In order to maintain fast queries and catch implementation mistakes, we set a limit on the number of events sent to a particular distinct_id in a given time window. In this document, we explain how this limit works and what to do when you hit it.

What is a hot shard?

There are cases when an incorrect implementation results in a disproportionately high number of events sent to Mixpanel for the same distinct_id. This leads to an imbalance when storing events across distinct_ids, where one distinct_id's events grows larger than the rest, impacting storage and query systems which in-turn results in high query latencies for the end user.

Since we distribute events across shards, this imbalance is called a hot shard.
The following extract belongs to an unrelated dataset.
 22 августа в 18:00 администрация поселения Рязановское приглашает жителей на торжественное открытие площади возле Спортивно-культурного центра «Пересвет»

How does hot shard detection work?

The hot shard detection step runs in the ingestion pipeline. A counter of events is maintained for each distinct_id and event_date combination. The counter is best-effort as a result of the underlying systems used to maintain such a large keyspace.
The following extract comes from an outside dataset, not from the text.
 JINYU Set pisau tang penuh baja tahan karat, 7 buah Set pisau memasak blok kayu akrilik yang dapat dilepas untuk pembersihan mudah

Once a pre-defined threshold is crossed(currently set to 100K events), the distinct_id is marked as contributing to a hot shard and all subsequent events for this distinct_id and event_date are updated to even the load across shards. Historical events prior to the hotshard detection for the same distinct_id are not updated.

What happens when we detect a hot shard?

Once a given entry crosses the threshold, all subsequent matching events (same distinct_id and event_date) will have the following transformations applied to them:

  • event will be changed to $hotshard_events. The original event name will be preserved under a property called mp_original_event_name (display name is Hotshard Original Event Name). Changing the name removes the bad events from being selected for analysis yet remain accessible for debugging.
  • distinct_id is changed to ""1. The original value will be preserved under a property called mp_original_distinct_id (display name is Hotshard Original Distinct ID). Removing the distinct_id allows Mixpanel backend to distribute these events evenly across shards ensuring that performance is not adversely affected while keeping the data accessible for debugging.

Original Event -

{
  "event": "Signed up",
  "properties": {
    "time": 1618716477000,
    "distinct_id": "hotshard@mixpanel.com",
    "$insert_id": "36a92782-cd7d-41a0-93af-8c23ec6c4191",
  }
}

Updated Event -

{
  "event": "$hotshard_events",
  "properties": {
    "time": 1618716477000,
    "distinct_id": "",
    "mp_original_event_name": "Signed up",
    "mp_original_distinct_id": "hotshard@mixpanel.com",
    "$insert_id": "36a92782-cd7d-41a0-93af-8c23ec6c4191",
  }
}

These events can be queried from the dashboard just like any other events. A weekly report is sent to project owners if a new hot shard was detected and remediated in the past 7 days.

Recovering from a hot shard

Recovery is a multi-step process -

  • Break down $hotshard_events by mp_original_distinct_id and mp_original_event_name to spot what’s causing the issue.
  • Use the above to locate the code that is the root cause and update it to stop the ongoing issue.
  • This should fix it going forward. To fix historical data, the recommendation is to export, transform, and re-import the data.

Footnotes

  1. Due to a side-effect on how events are serialized, some remediated entries were initially saved with a numeric distinct_id (instead of ""). This value can safely be ignored.